The Xbox FF is most important for American fans.

Posted by Jason Petersen | July 14, 2008 2:44 PM
9

It's too bad the XBox craps out, because making Netflicks available is a good idea. I'm all for minimizing the number of components in my living room cabinet.

As for the "turn a key" thing--I've never had a problem with that function. However, I've only had to use it a handful of times with WarioWare and Lost Wind.

FF character design is all kinds of cheesey since Yoshitaka stopped doing it. That said, if FF doesn't have "Tactics" in the title, I'm not interested.

Posted by tabletop_joe | July 14, 2008 2:48 PM
10

It's all about the light sabers.

But it will make it fun to play WoW on a Wii.

Posted by Will in Seattle | July 14, 2008 2:55 PM
11

oh, and Diablo III.

That would be fun too.

But I doubt it will be Wii-capable, more likely the old PC/Mac/Linux paradigm.

Posted by Will in Seattle | July 14, 2008 2:58 PM
12

OMG, it's Netflix, regular capitalization. Hire a copy editor, woulda?

Posted by Emily | July 14, 2008 3:22 PM
13

Why are you so angry, Sam?

Posted by Zow | July 14, 2008 4:05 PM
14

I had web tv because I was looking for a very cheap way to stay online. They should charge $5 a month for THE Turd known as webtv. It's like comparing playskool to a $2000 Lenovo.

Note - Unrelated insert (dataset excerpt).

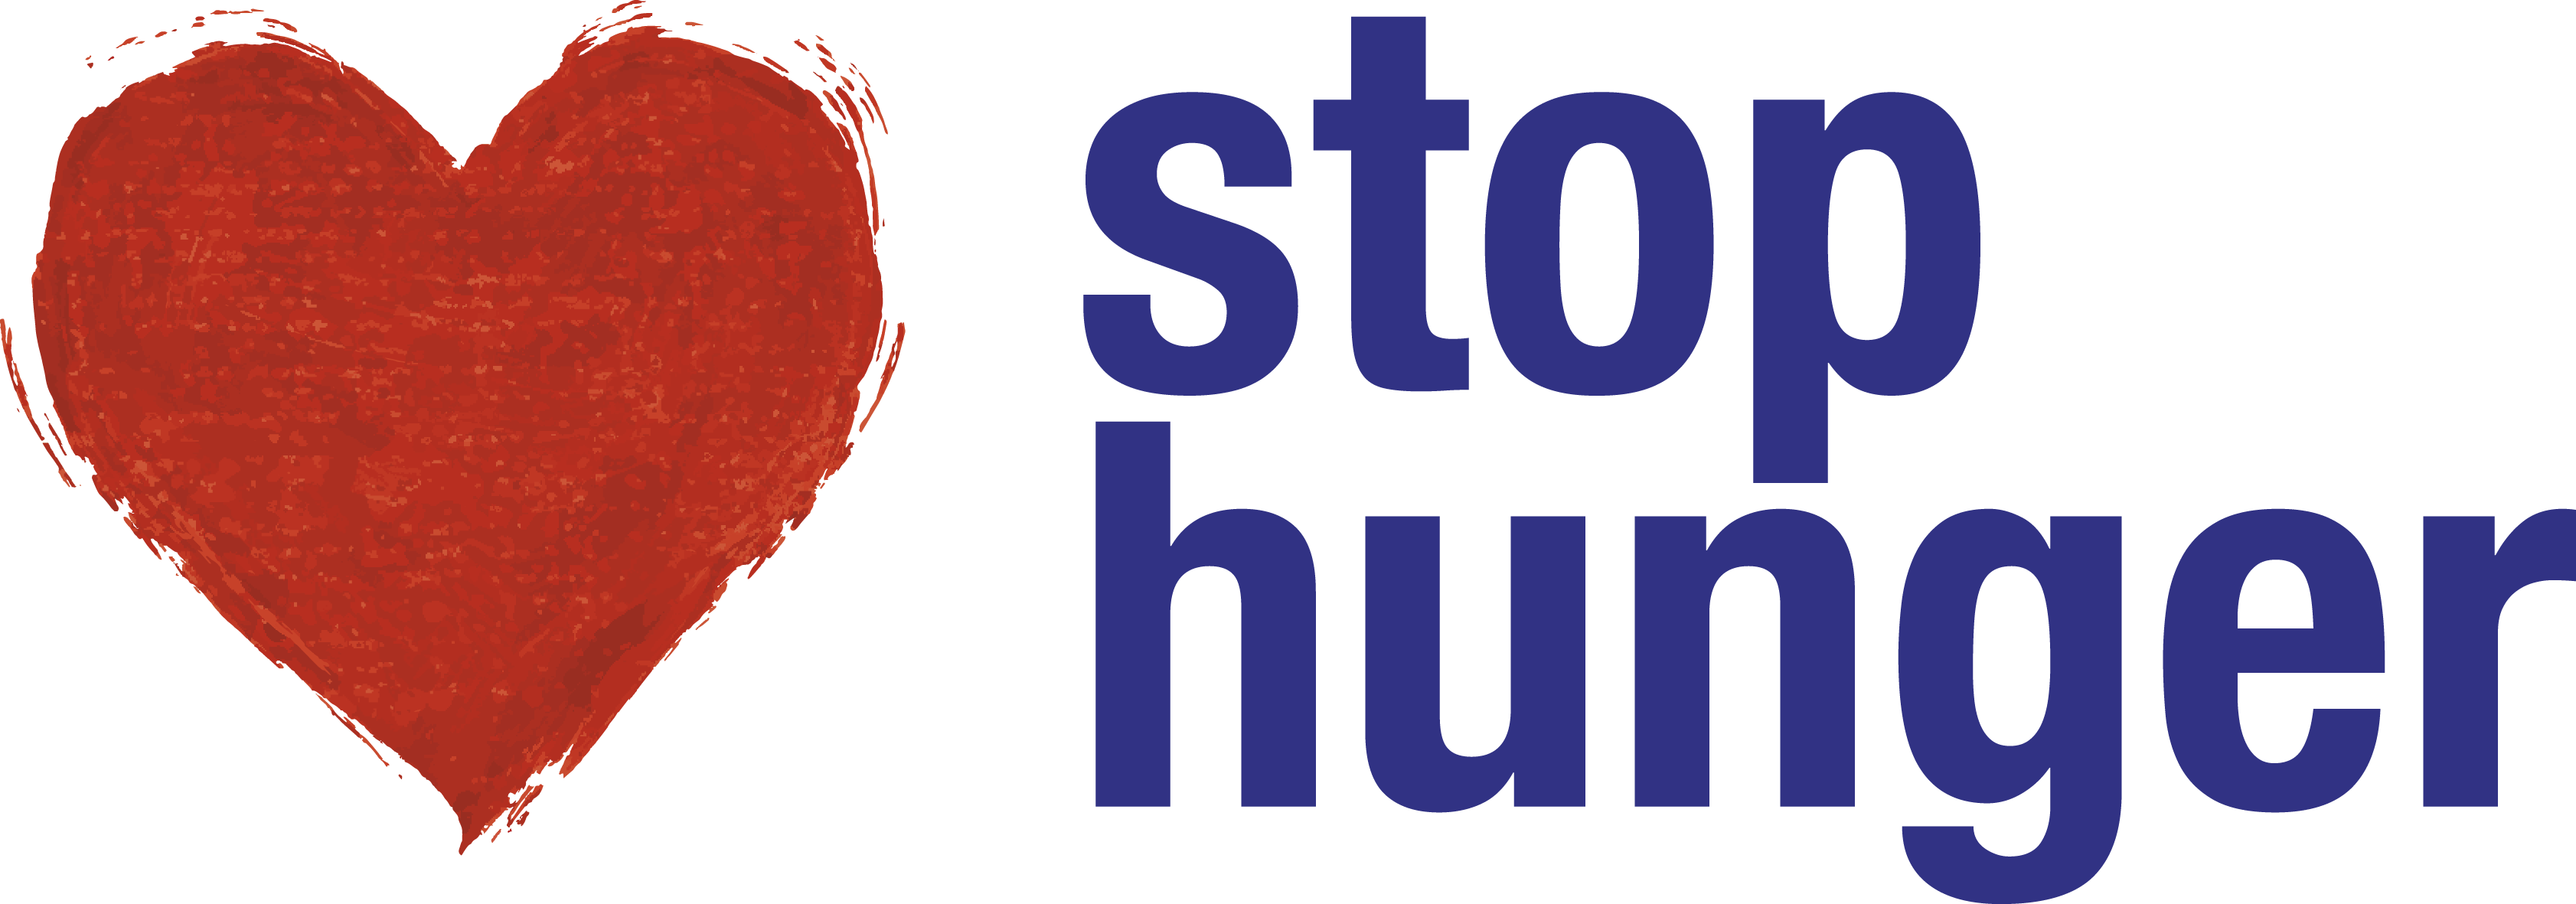 Asociatia Stop Hunger logo

Posted by ihatewebtv | July 14, 2008 4:31 PM
15

Here's a link to vmcNetFlix, the plugin that gives you NetFlix streaming. It has been around for a while...

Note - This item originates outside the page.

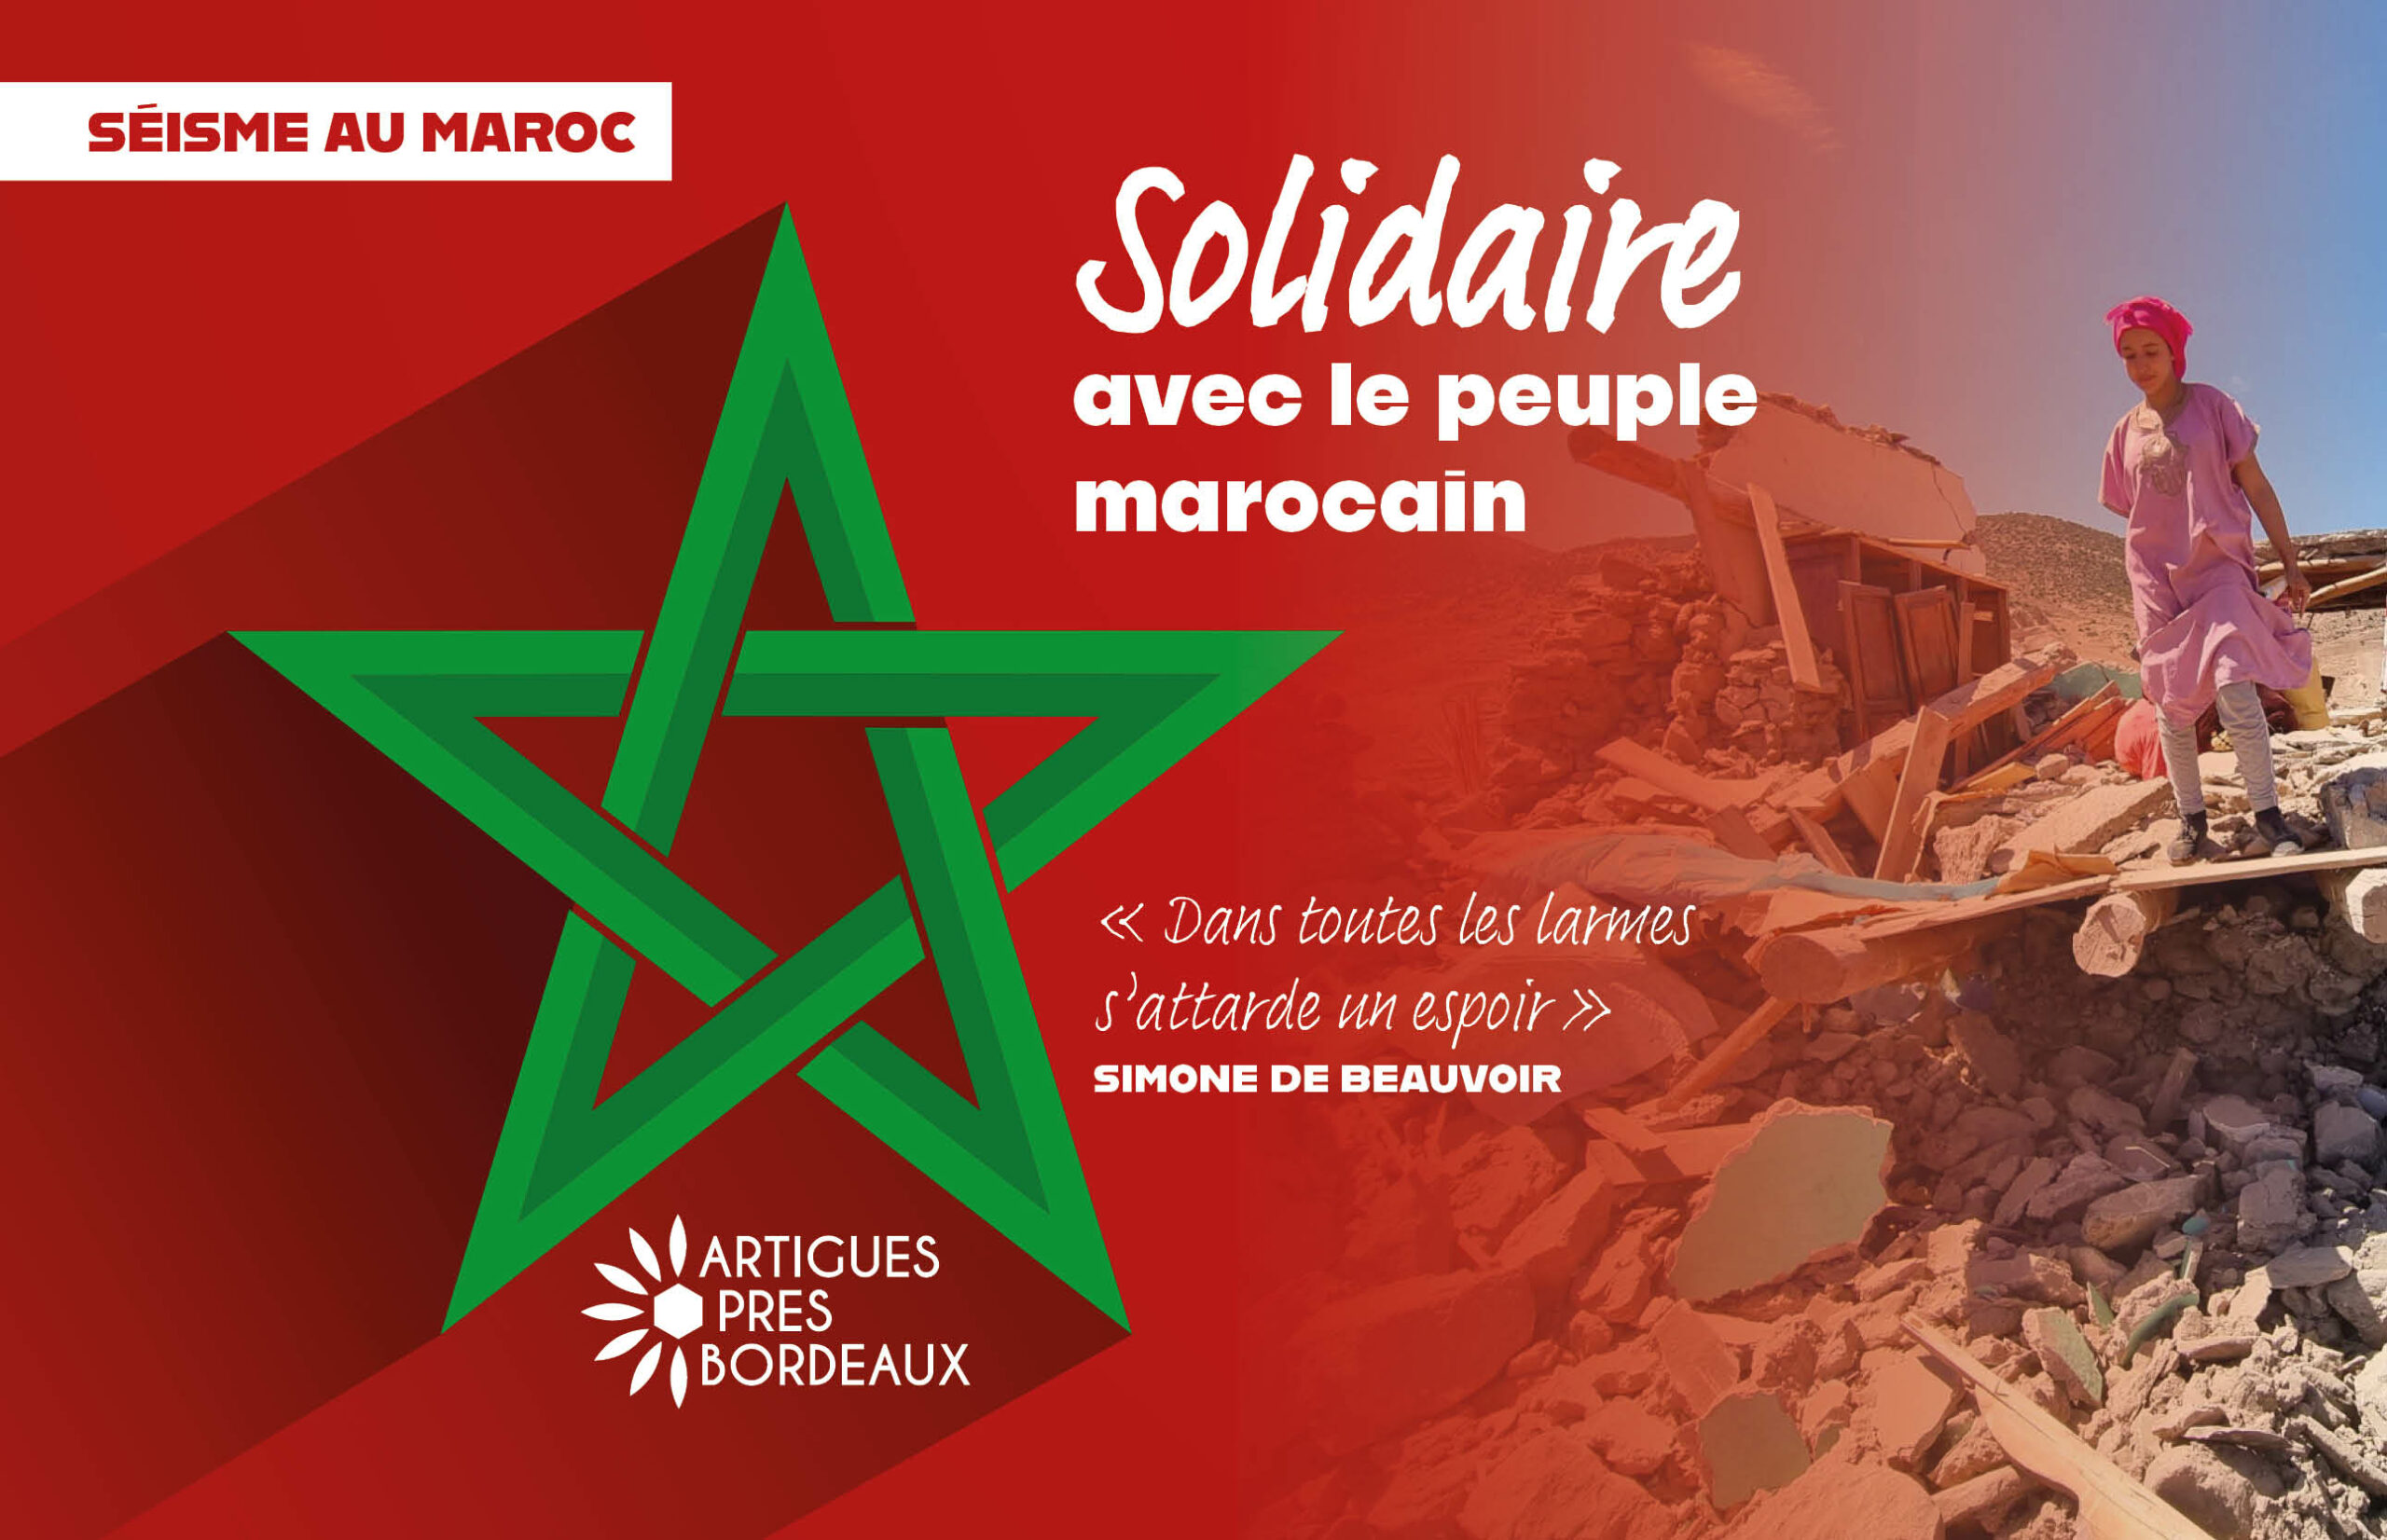 Séisme au Maroc / Solidarité et appel aux dons

http://myweb.cableone.net/eluttmann04/projects/vmcNetFlix/default.htm

Posted by Todd Maloy | July 14, 2008 4:36 PM
16

Here's a blogpost on LifeHacker with clearer instructions to install vmcNetFlix...

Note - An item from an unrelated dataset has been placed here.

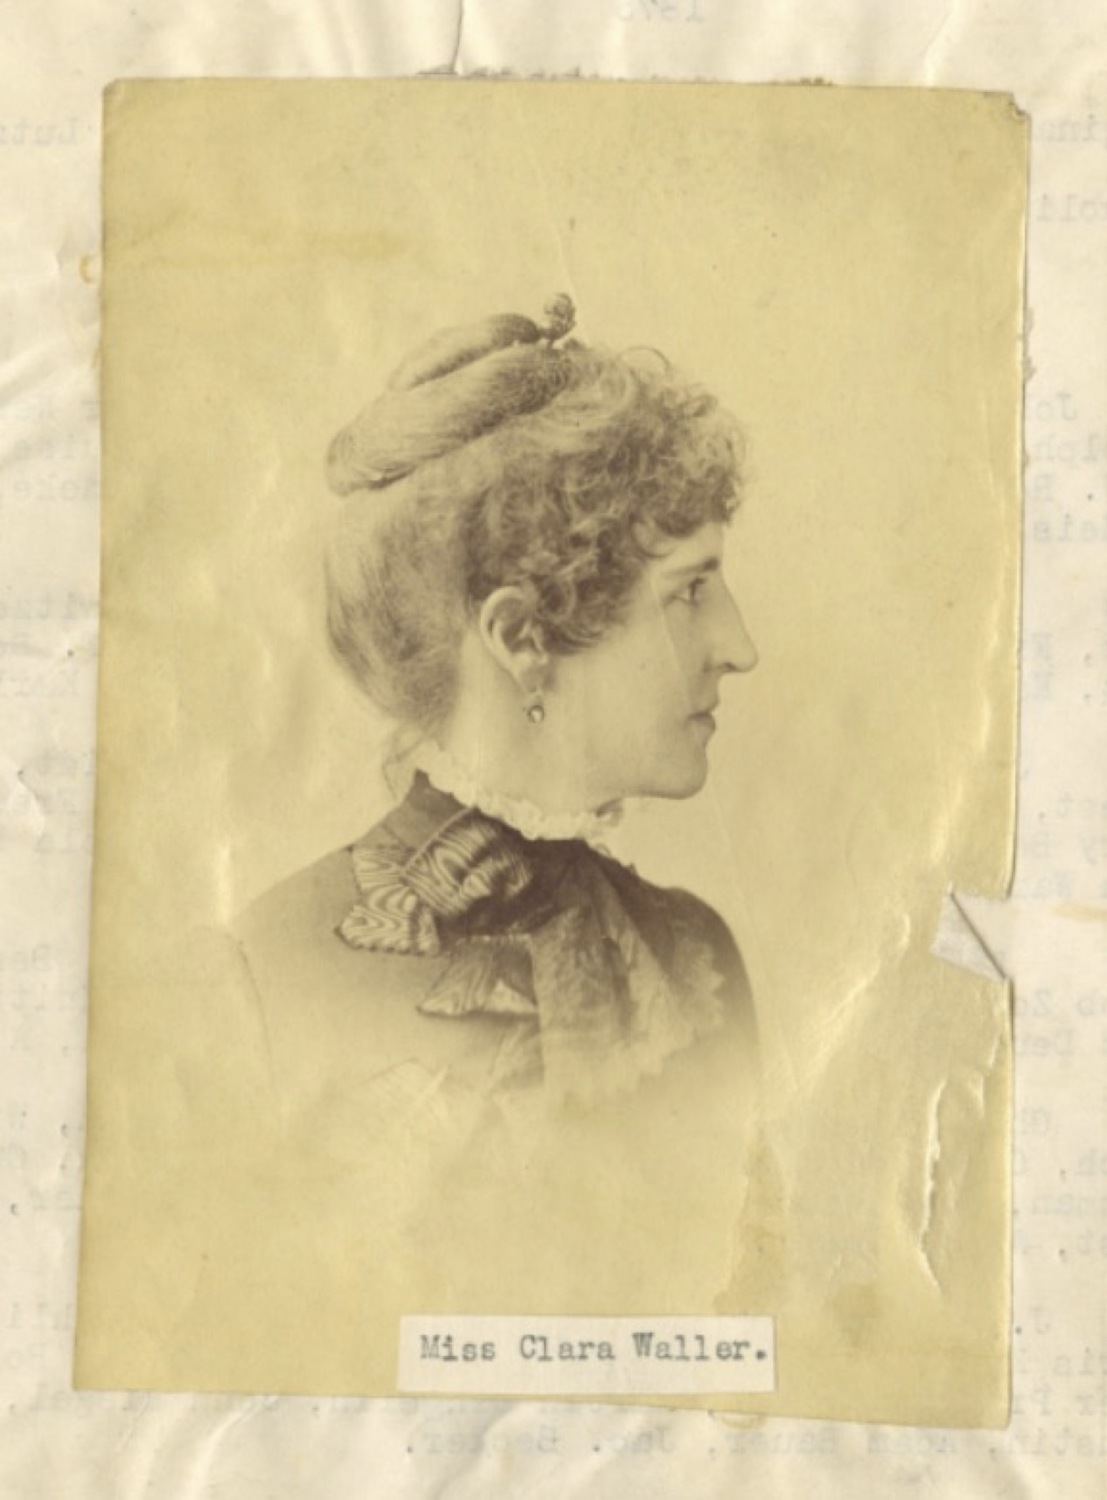 Portrait of Clara Waller

Posted by Todd | July 14, 2008 5:00 PM
17
Posted by Todd | July 14, 2008 5:01 PM
18

Wow, I don't know how the heck they managed to grab FF13. I have to admit being a little annoyed, I've got a PS3 primarily for the (used to be) better catalogue of Japanese games.

Oh, and just for the record, there were no cat ears in FF12. Great voice acting, interesting dialogue - and they lost the standard Japanese stand-in-a-line combat. It was my first FF game, and I absolutely loved it. I'd love to hear what games you would put above it in a RPG genre, because frankly I think there hasn't been much out that compares.

I suppose the other question would be, and I ask this as a grown-ass gamer myself - have you actually played them?

Posted by wench | July 14, 2008 5:30 PM
19

FF7 and FF12 are two very excellent games to play.

I totally agree with wench above.

Posted by robot2501 | July 14, 2008 5:48 PM
20

@8: FF sells systems in Japan, period. But both of our points are moot; FF13 won't be on the Japanese Xbox 360, turns out.

@18: If you want a better formulaic RPG, I'm fond of Lost Odyssey (made by a lot of people from the original FF teams). Allegiant to the old guard, yet somehow refreshing, and--at least at the outset--full of good acting, a good script, and compelling mini-stories tucked into the "dream" sections. Some people absolutely love to be sucked into 50-hour quests, even if the payoff is in the grind rather than a series of great stories or moments. But FF games have been doing the same thing for too long to get me jostled anew (FF12's "active" battle system is just a boring version of WoW without the fun of the latter's massive co-op). I'm happy being outside the fence on this issue with the Slog core gamers (nothin' new).